Micro speech example from TensorFlow on an ESP32

Is there a good place to ask technical/implementation questions related to tiny ml - e.g. something like the programming questions forum of Arduino (https://forum.arduino.cc/index.php?board=4.0) to get assistance with troubles implementing specifically TinyML issues?

Would it make sense for this discourse to have a similar type of category?

For example of the sort of question I was looking at ask:
I’ve been working on a modified version of the micro speech example from TensorFlow on an ESP32 and seem to be hitting an issue where the input tensor is not being initialized correctly. I’m essentially hitting a null pointer issue when trying to copy captured audio to the input->data.int8. I don’t fully understand the internals, but I suspect that the initialization is failing because of how the model is loaded, but I’m not sure (e.g. it could be because of space or other issues as I’ve extended my setup to allow OTA updates etc)

Hi @gameldar,

An awesome idea! Thanks for the suggestion. Someone else also asked this exact same question.

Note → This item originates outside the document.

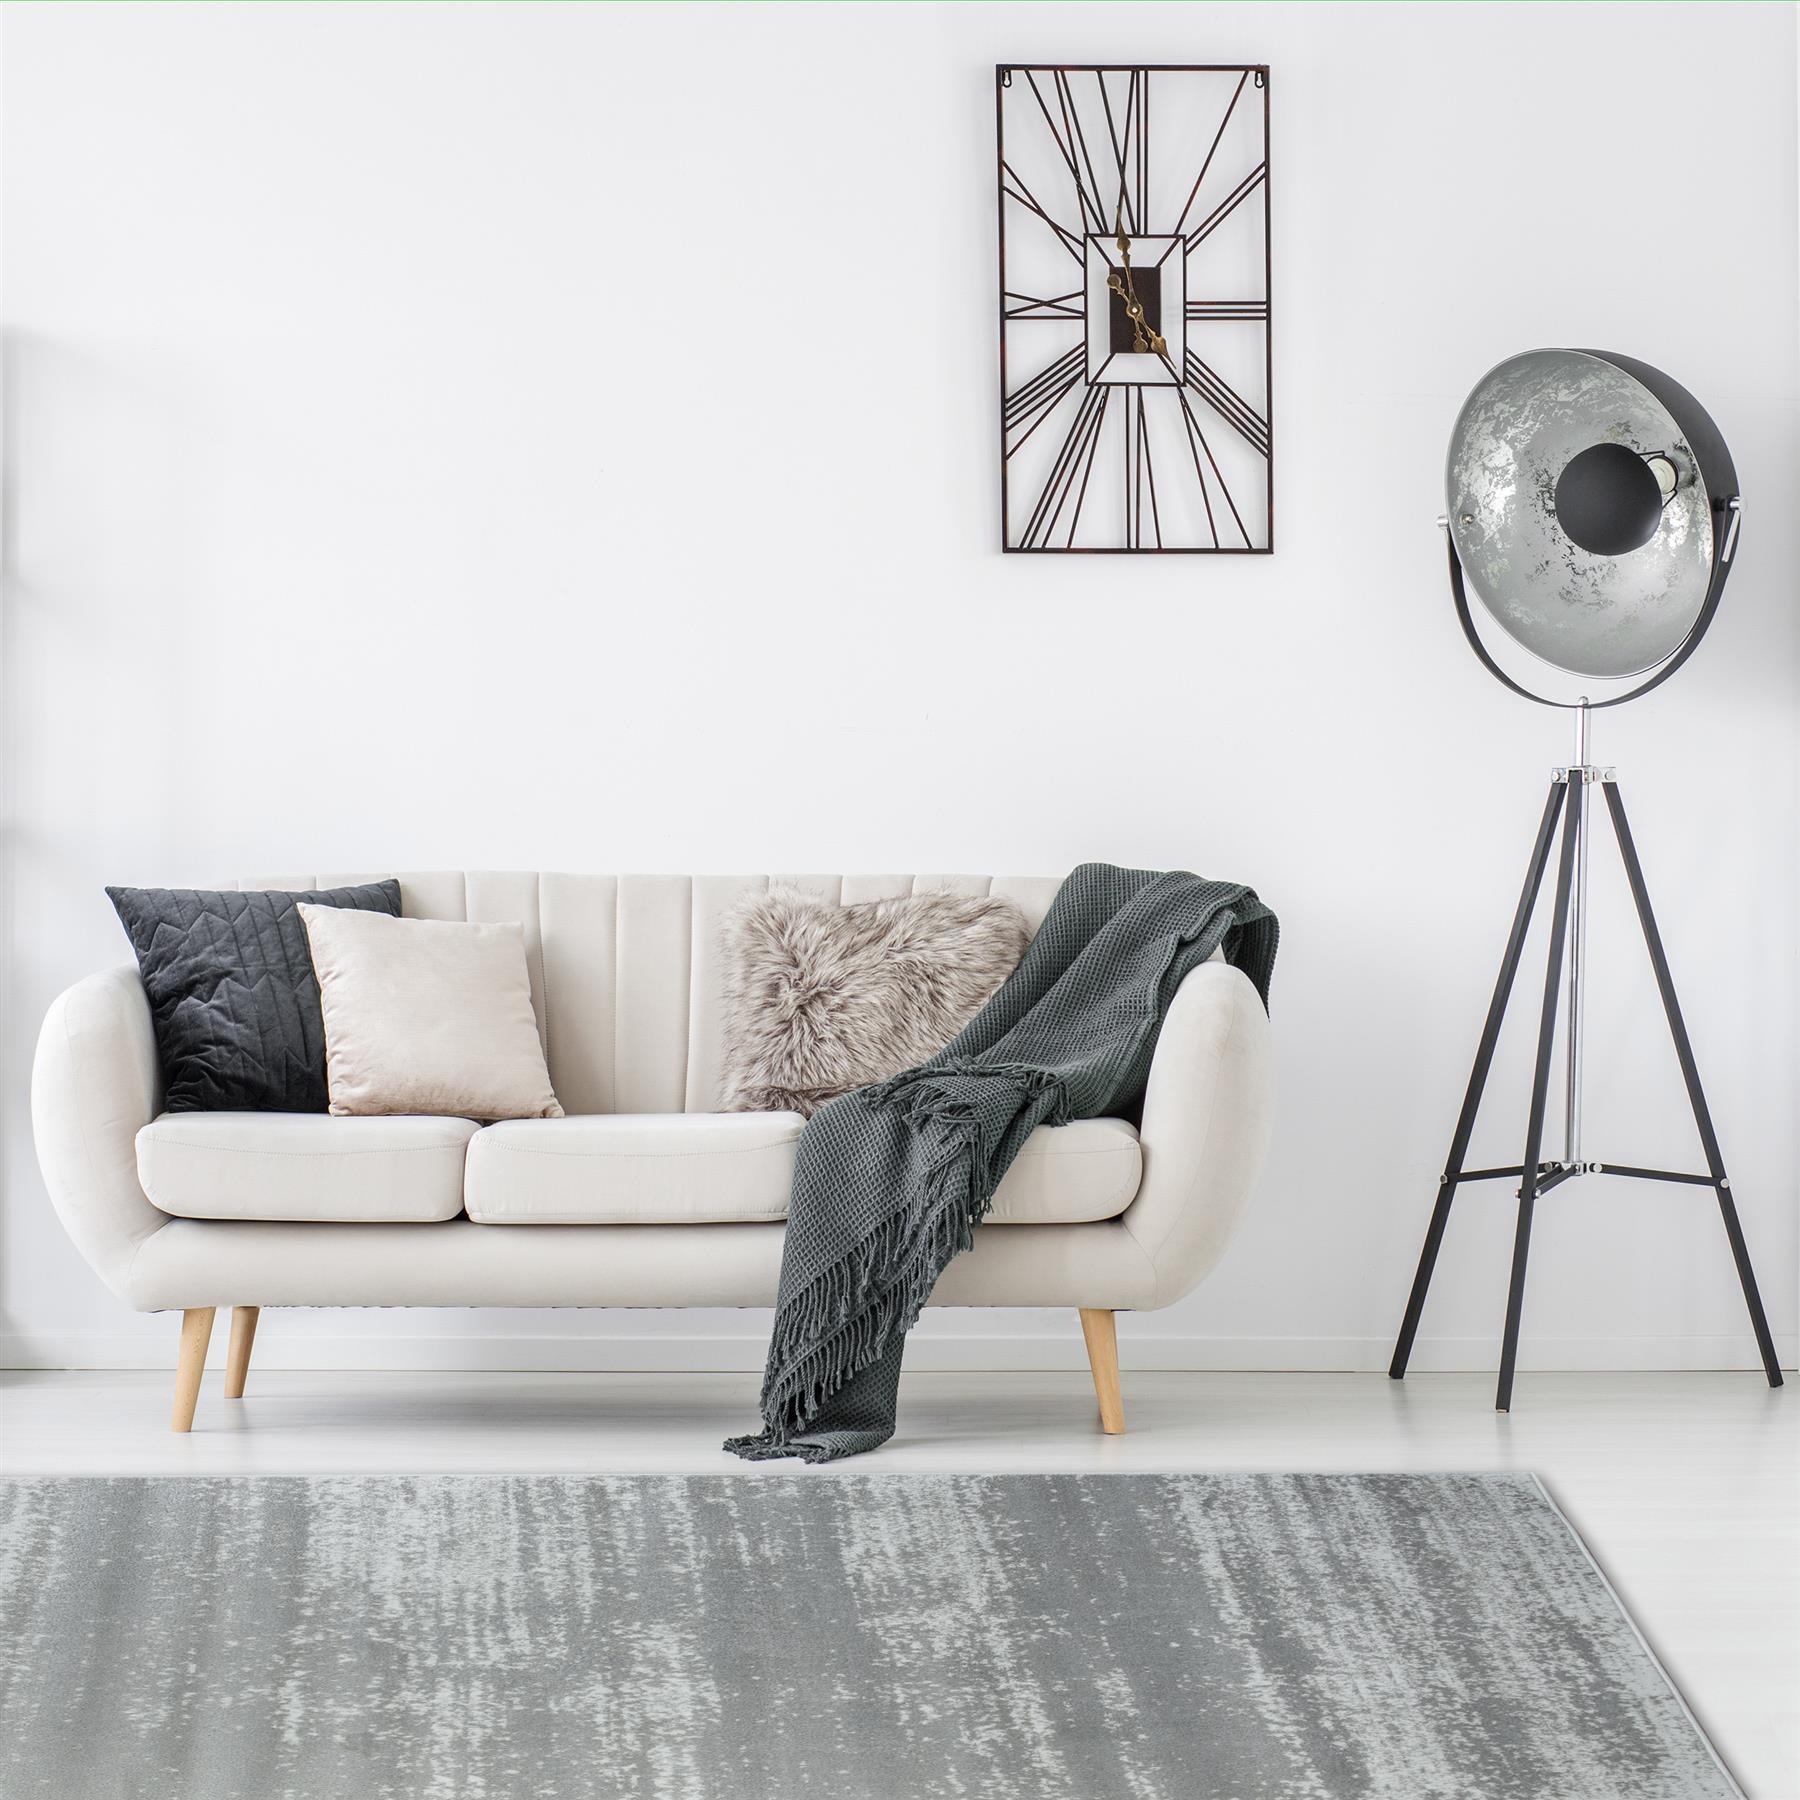 TAPPETI-Moderni-Grigio-Scuro-Grigio-Chiaro-Lounge-Tappeto-design-moderno-due-tonalita-TAPPETI miniatura 17

If you all think it makes sense, we should have it. So I created a new forum location:

And fyi, I relocated your post to the new category. Cheers!

2 Likes

@gameldar do you have a GitHub repo where we can take a look at the code?

I’ve worked out what the issue was! To understand the code better I typed it out, rather than copy/paste based upon the micro_speech example… unfortunately that meant I somehow missed the step of allocating the tensor after initializing the interpreter, hence the data buffer wasn’t allocated.

So I’m making progress now - except now I’ve hit an issue with my version of the model as I’ve somehow ended up with a CONV_2D instead of DEPTHWISE_CONV_2D operator - so I think I need to look at how I trained the model (I thought I had done it the same way as the micro_speech example, but it might be I’ve mixed up a parameter to the train.py script)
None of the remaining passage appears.